- Your instructions:
When you restate the data, keep every word as it is and drop the images.

- Data section:
== Segment start ==

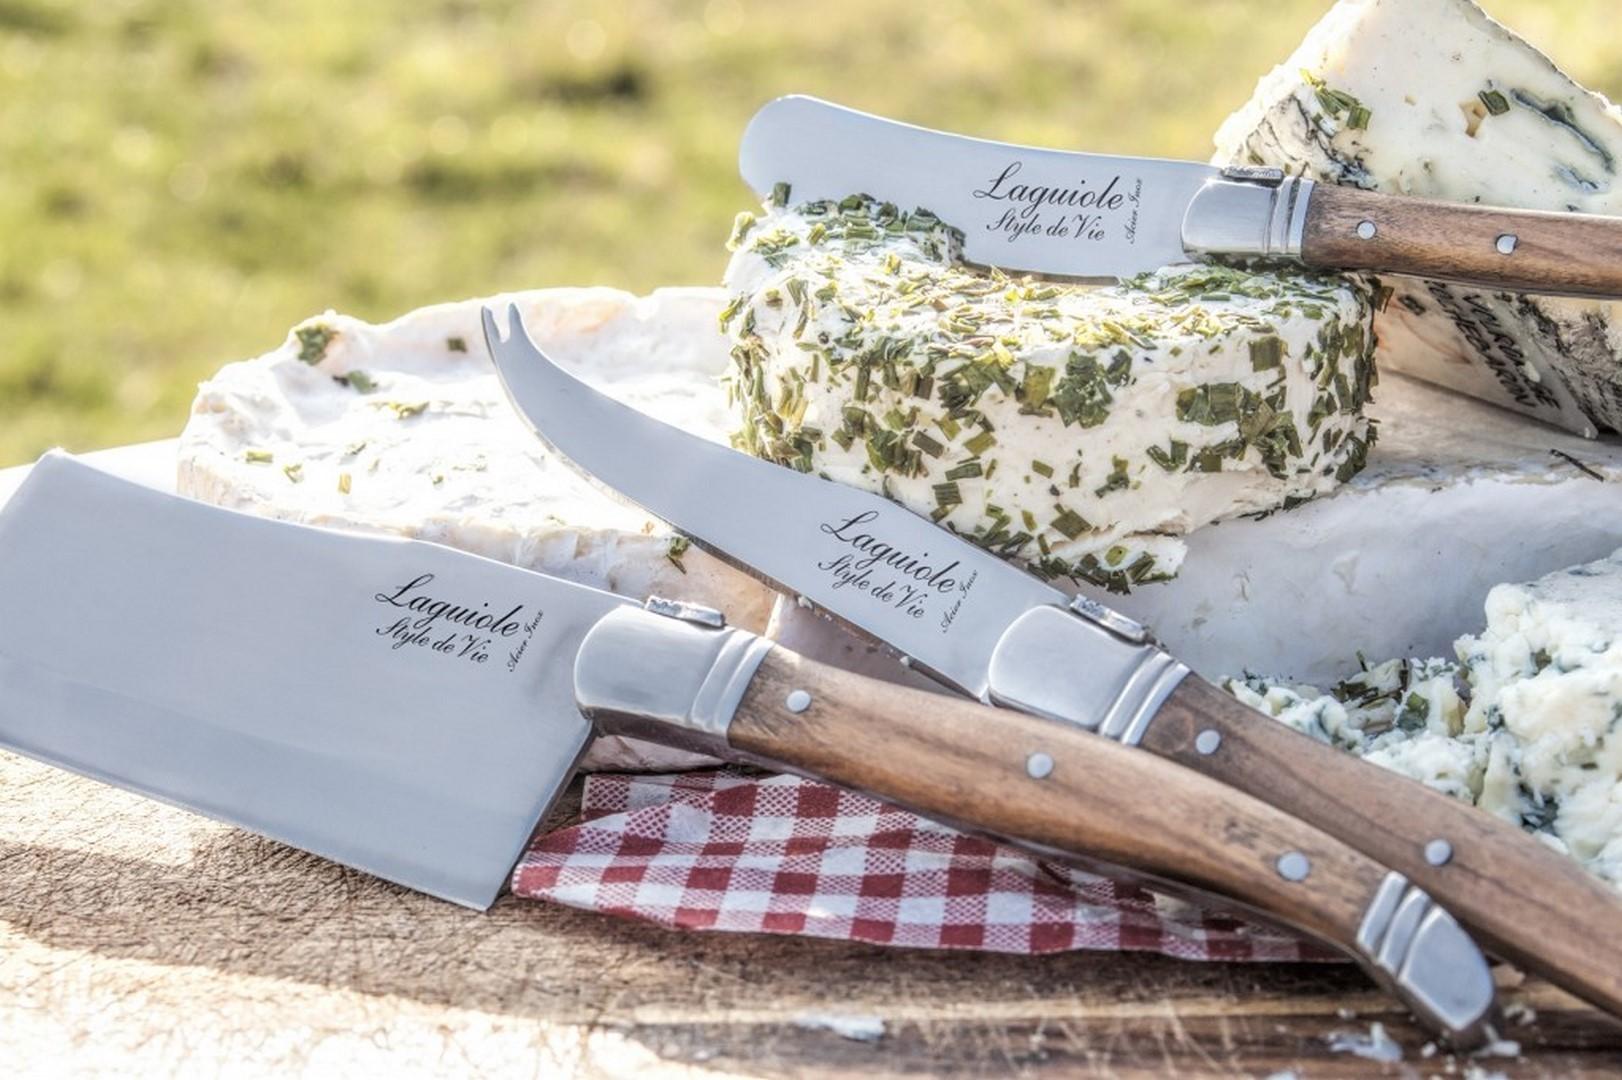 Sada nožov na syr Laguiole Luxury 3 ks olive
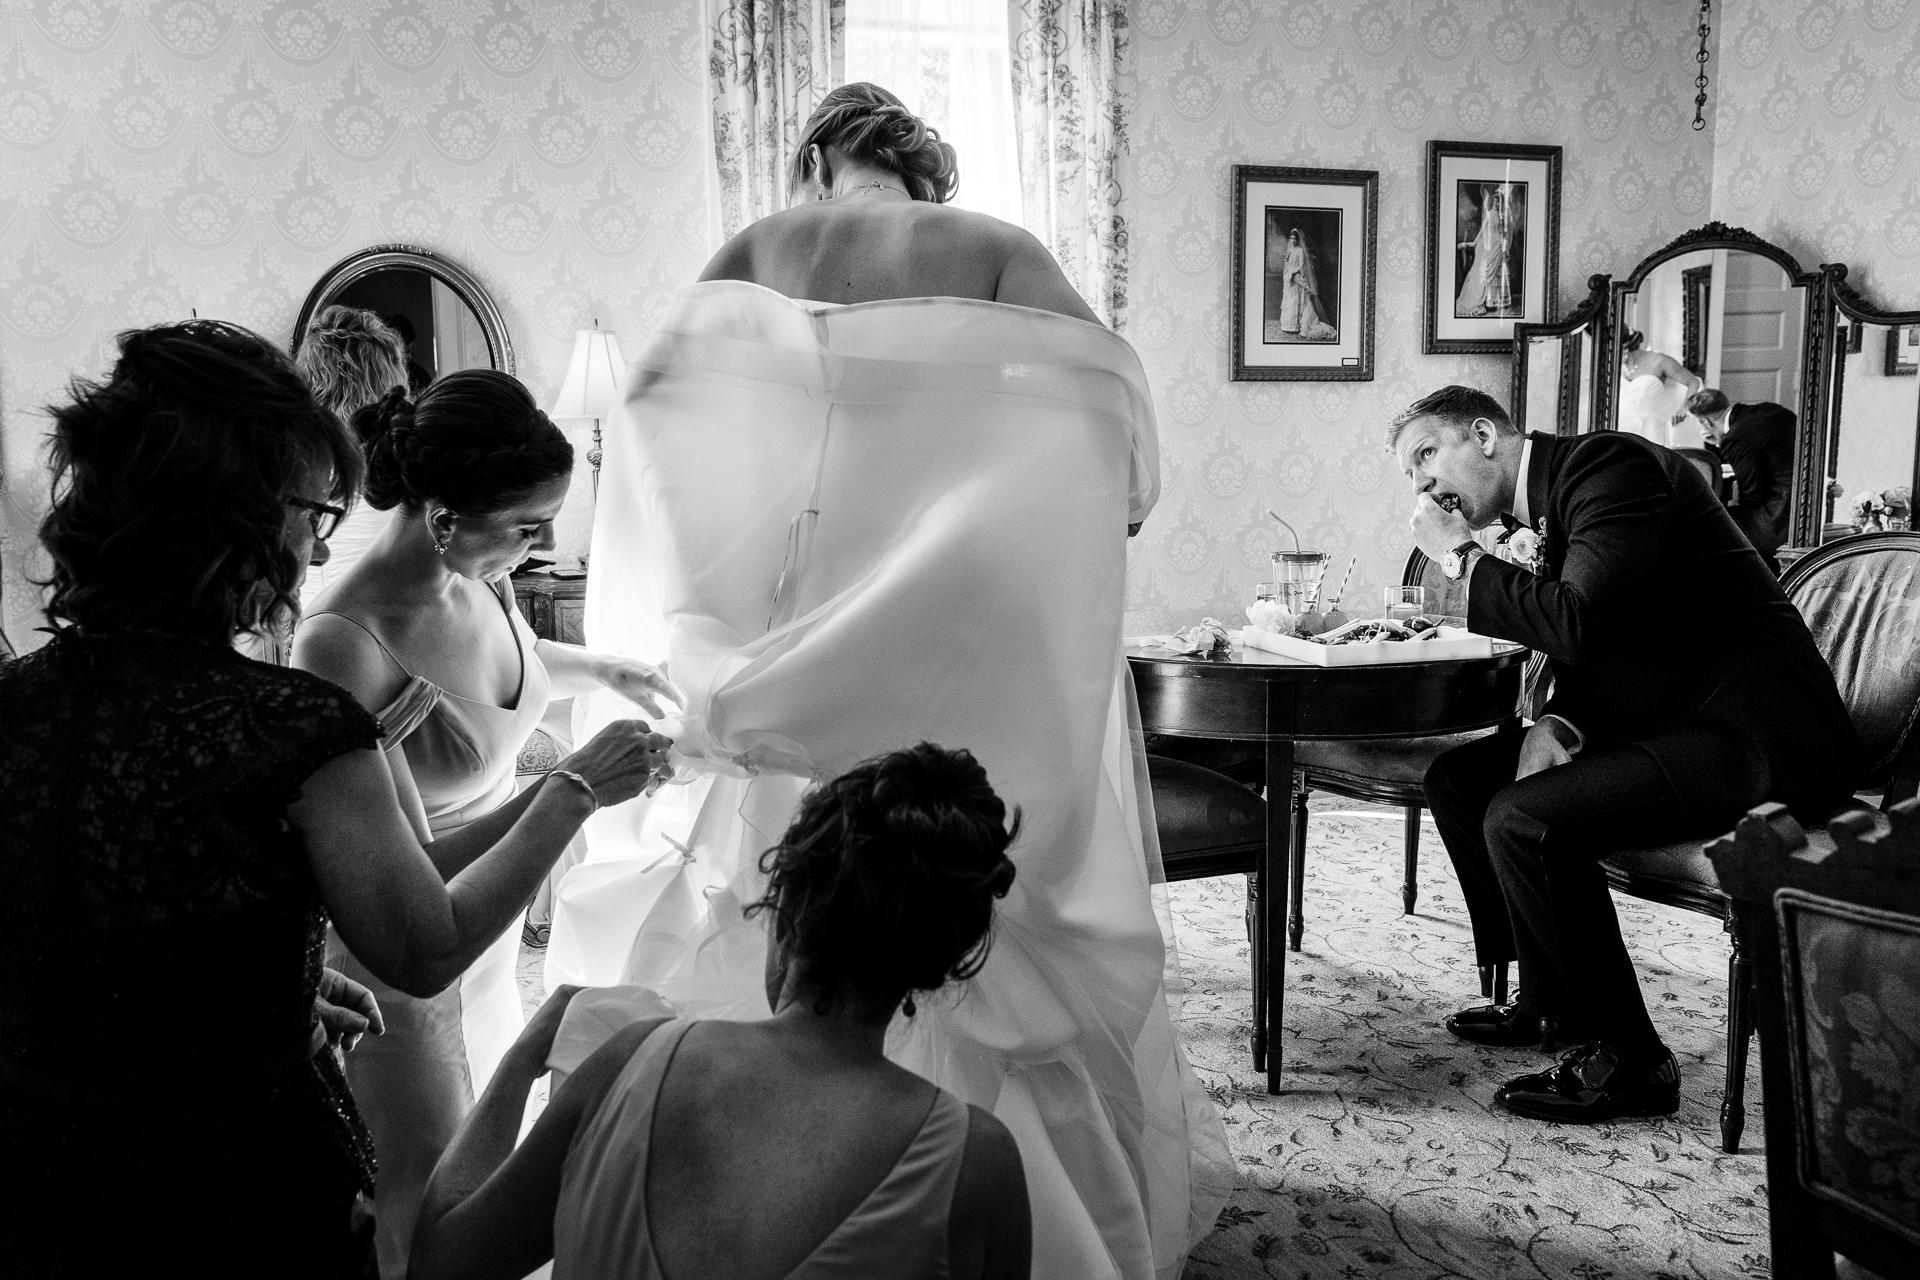 Photographie de mariage de la scène de préparation occupé | Image du marié s'amusant comme de la mariée, ses demoiselles d'honneur et sa mère essayant de l'attiser pour le cocktail
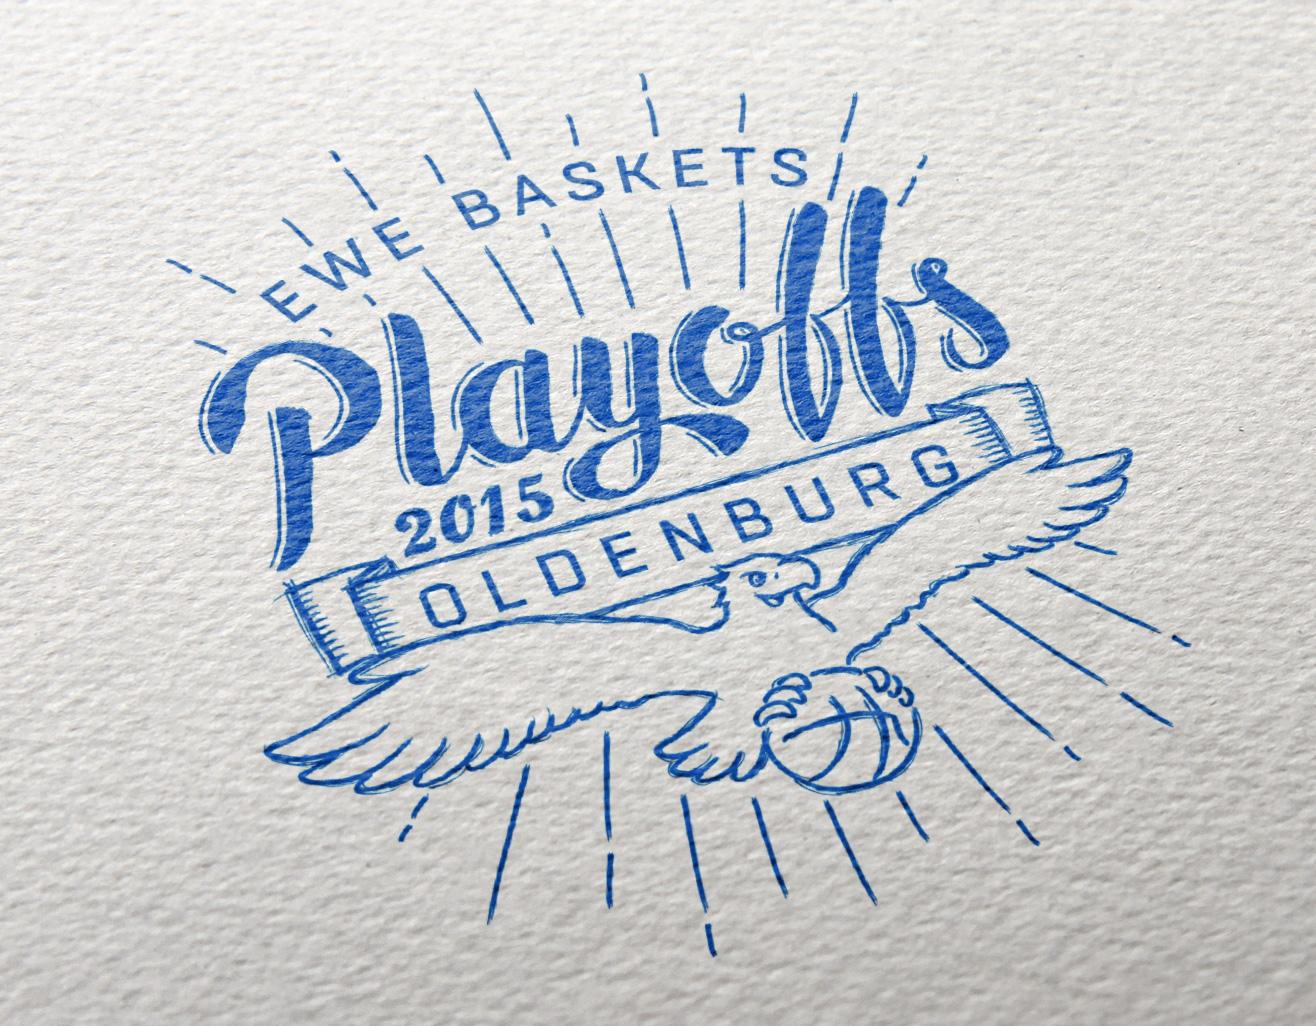 playoffs_logo_2015.jpg

== Segment end ==

- Answer for the task:
 Sada nožov na syr Laguiole Luxury 3 ks olive
 Photographie de mariage de la scène de préparation occupé | Image du marié s'amusant comme de la mariée, ses demoiselles d'honneur et sa mère essayant de l'attiser pour le cocktail
 playoffs_logo_2015.jpg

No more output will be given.